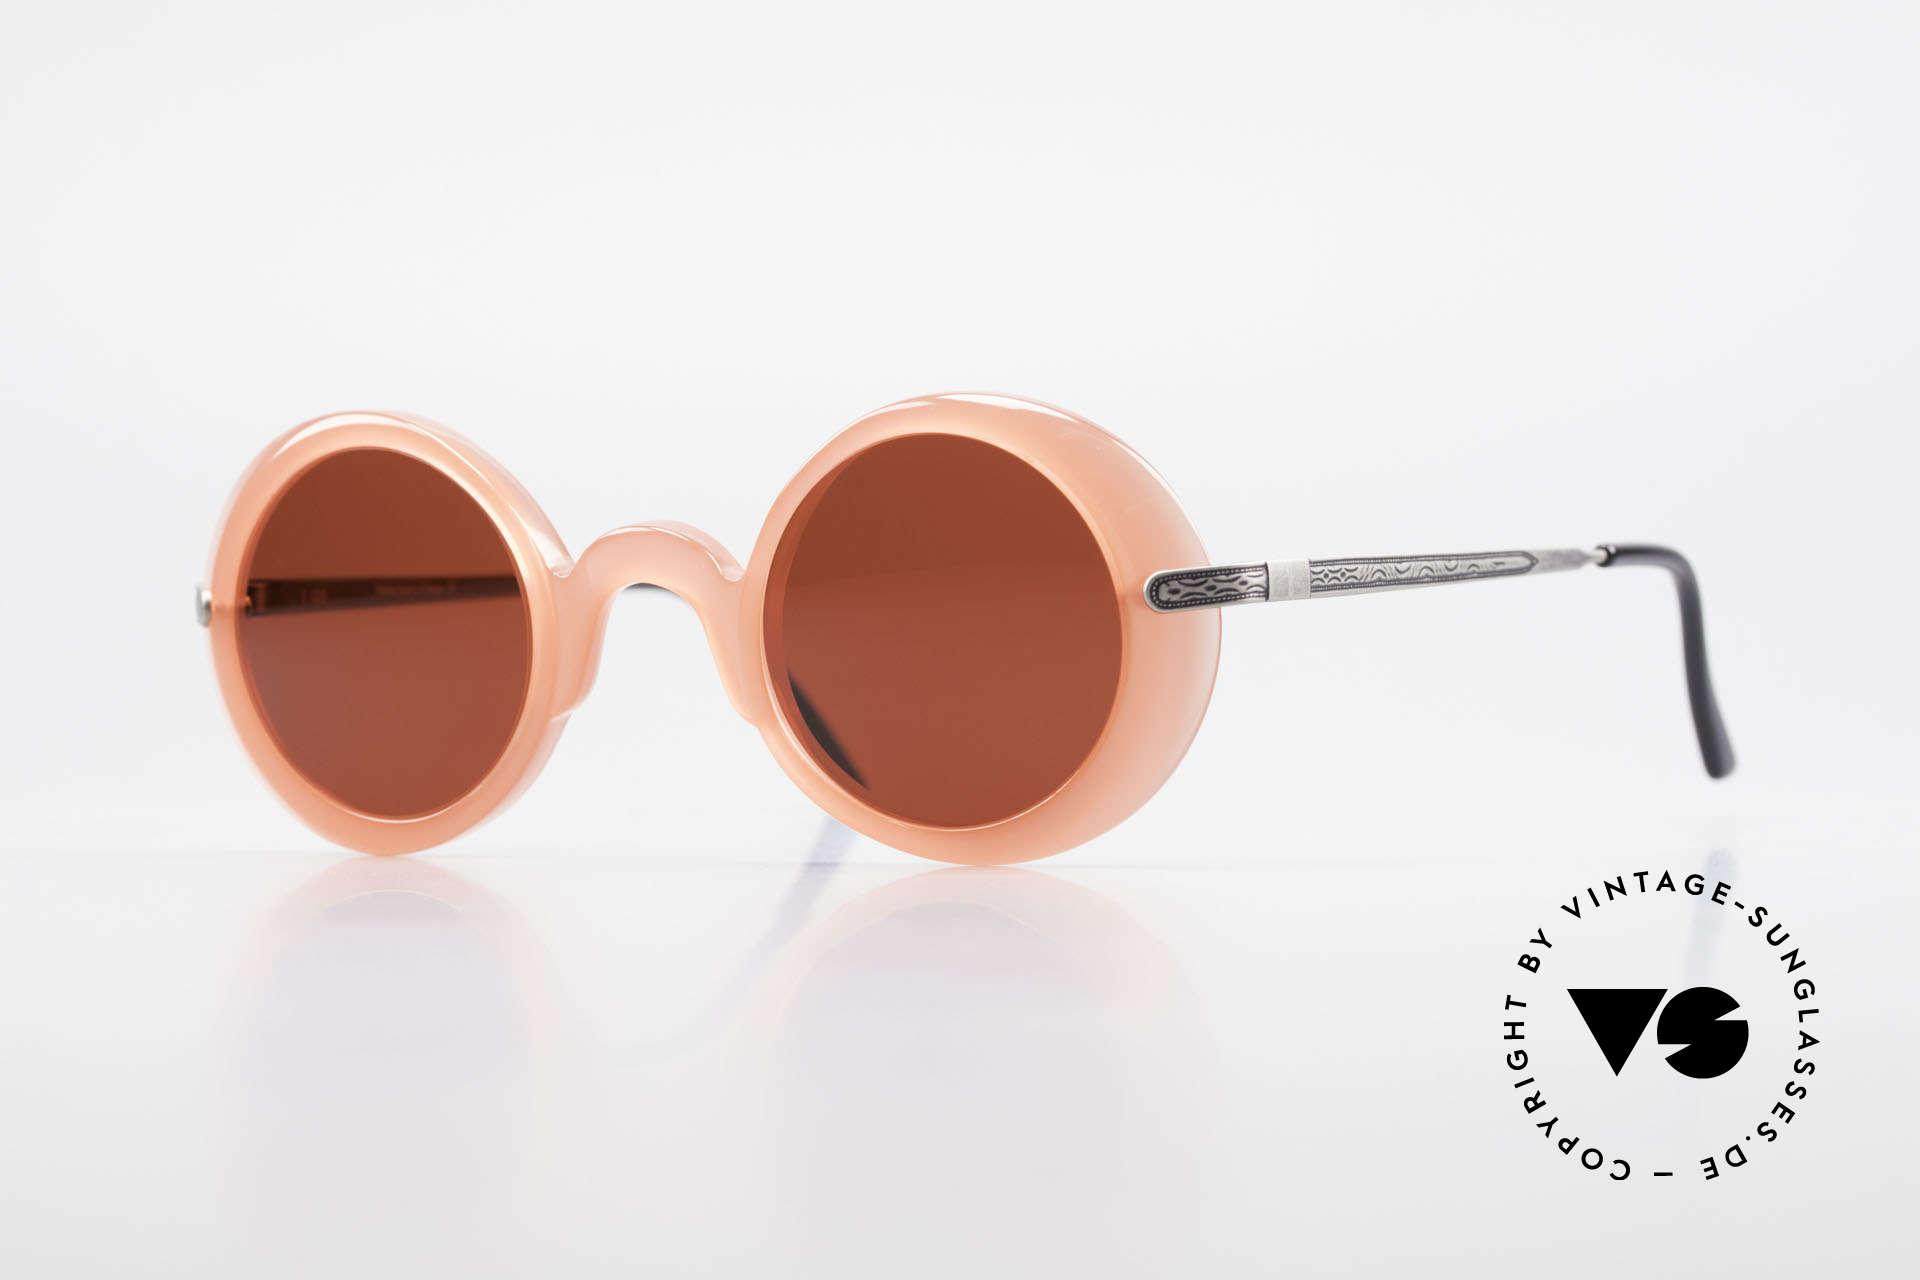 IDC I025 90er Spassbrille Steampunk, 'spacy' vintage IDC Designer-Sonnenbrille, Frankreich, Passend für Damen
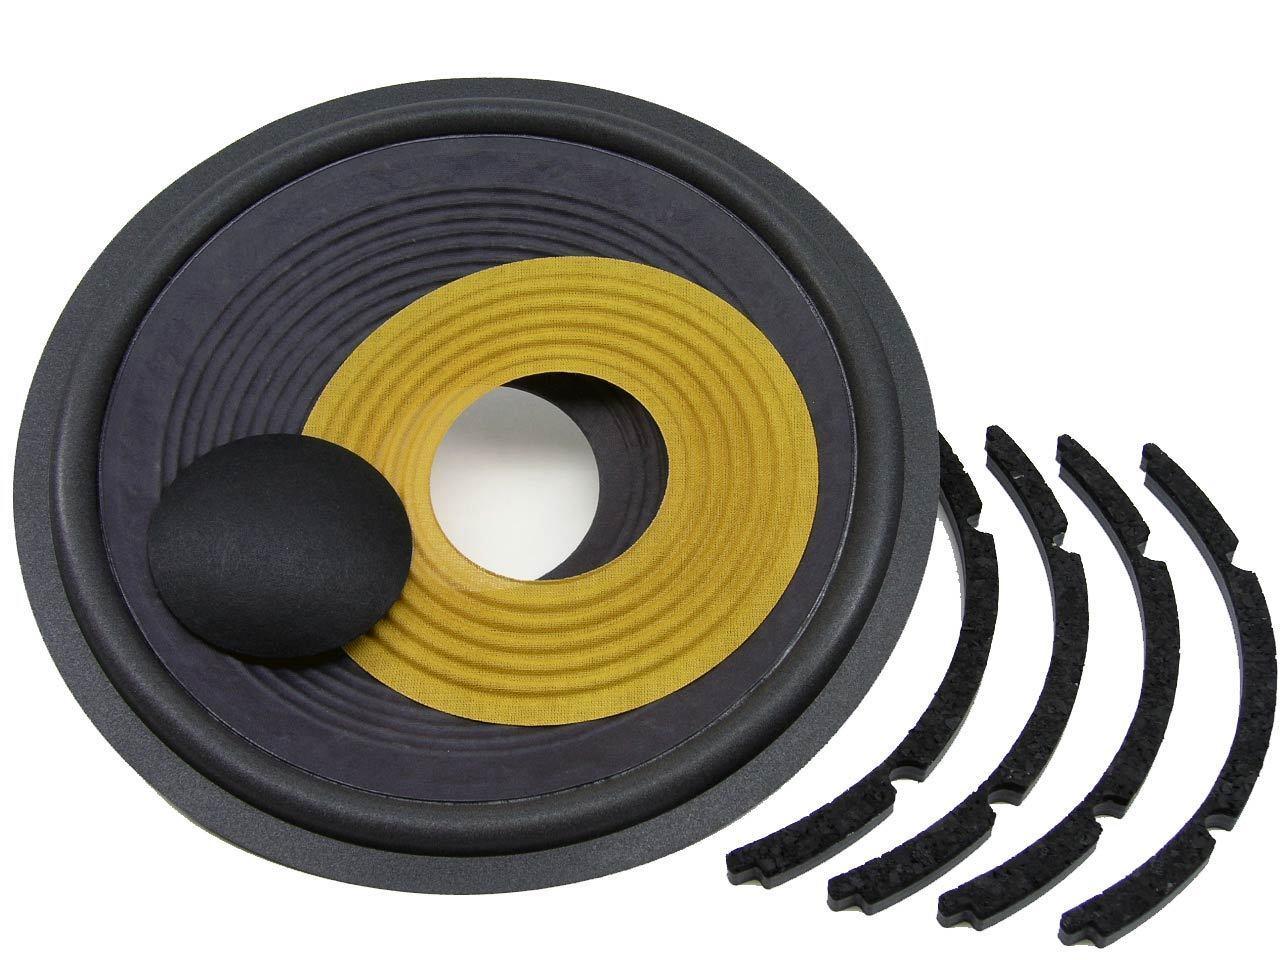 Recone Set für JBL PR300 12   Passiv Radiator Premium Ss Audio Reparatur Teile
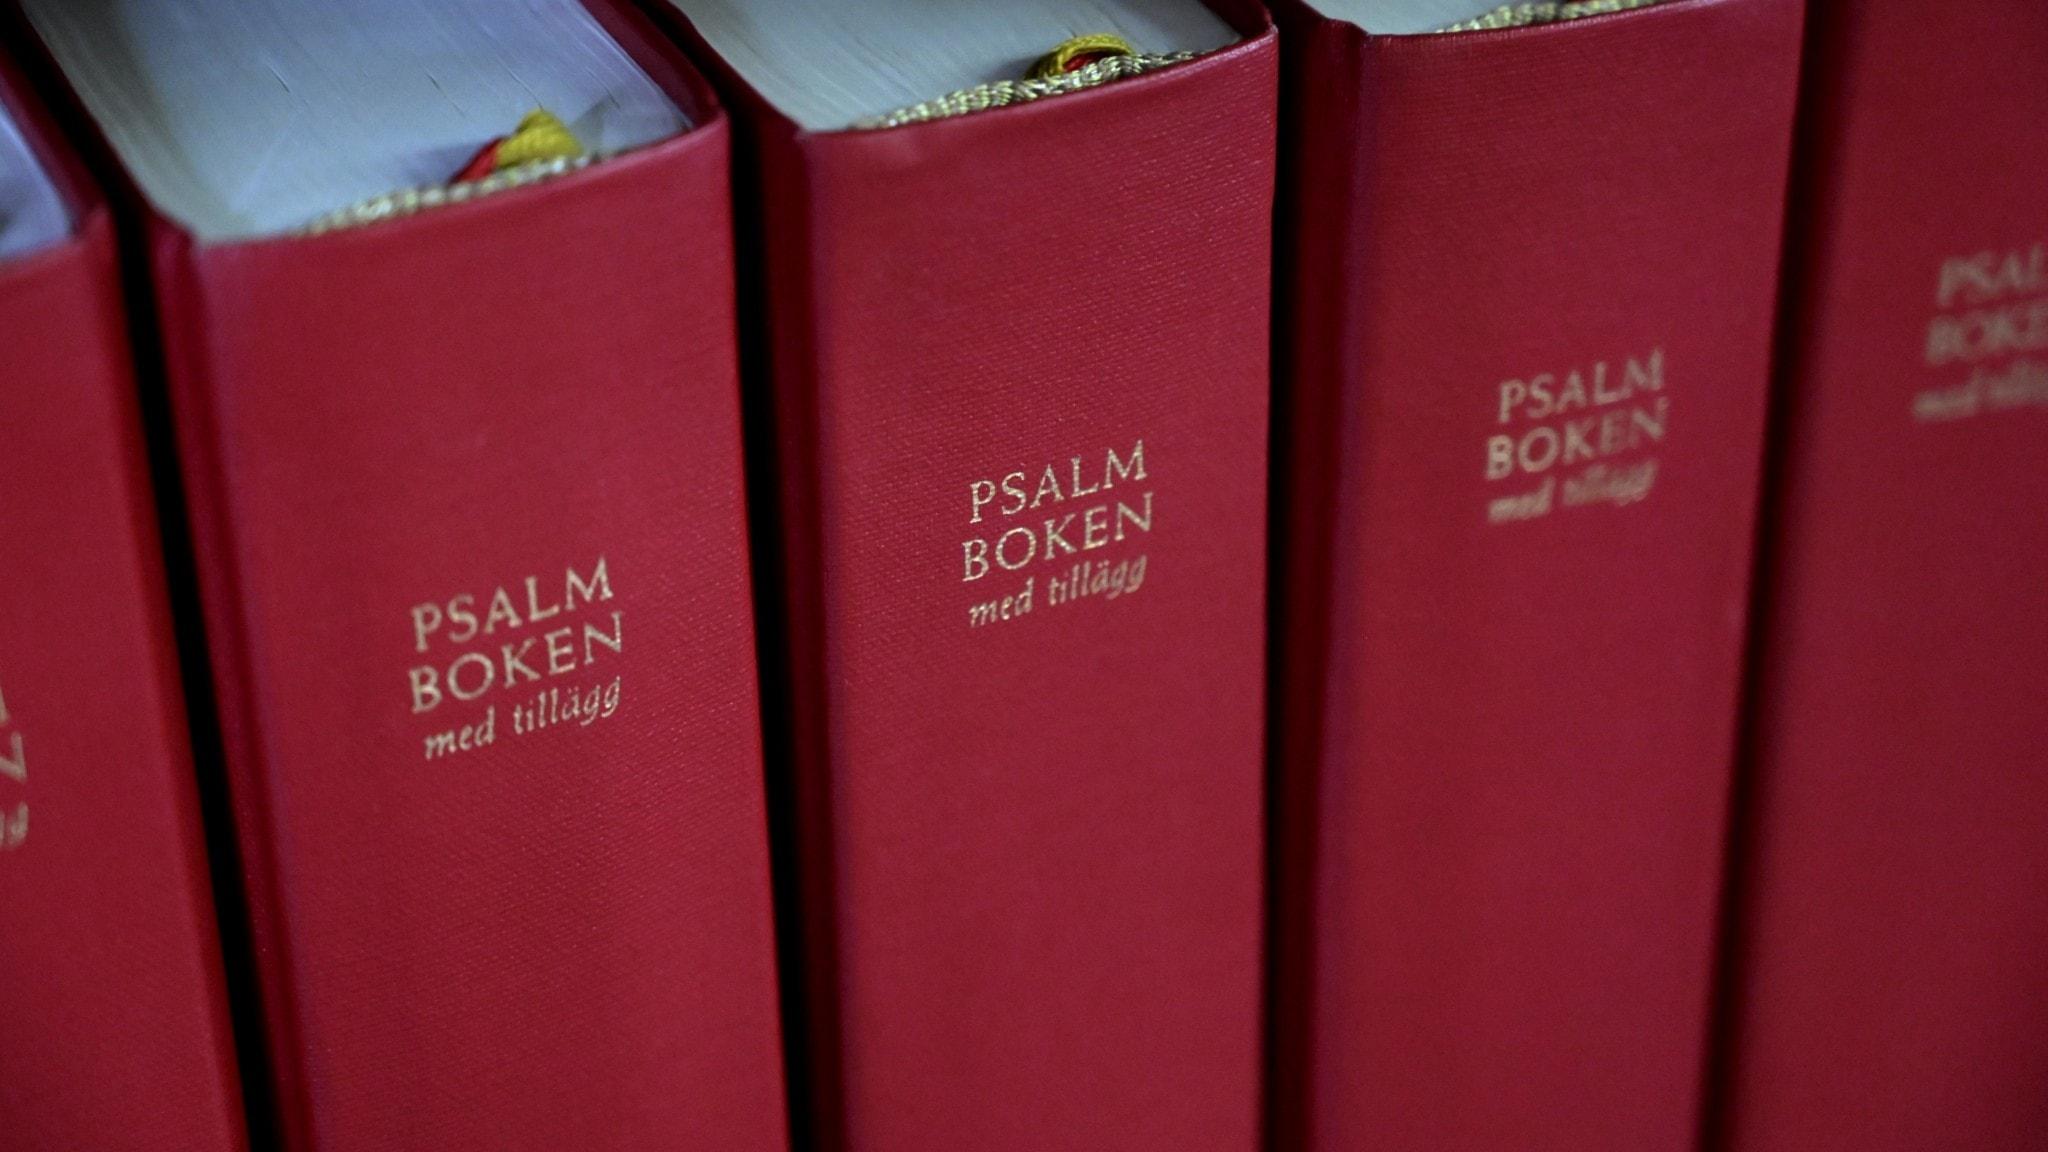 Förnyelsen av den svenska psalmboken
=-=-=
▶ _Work to complete_
Every line from the one containing "Recone Set für" to the last line of the material must be returned exactly. Leave out any pictures.

▶ _Final answer_
 Recone Set für JBL PR300 12   Passiv Radiator Premium Ss Audio Reparatur Teile
 Förnyelsen av den svenska psalmboken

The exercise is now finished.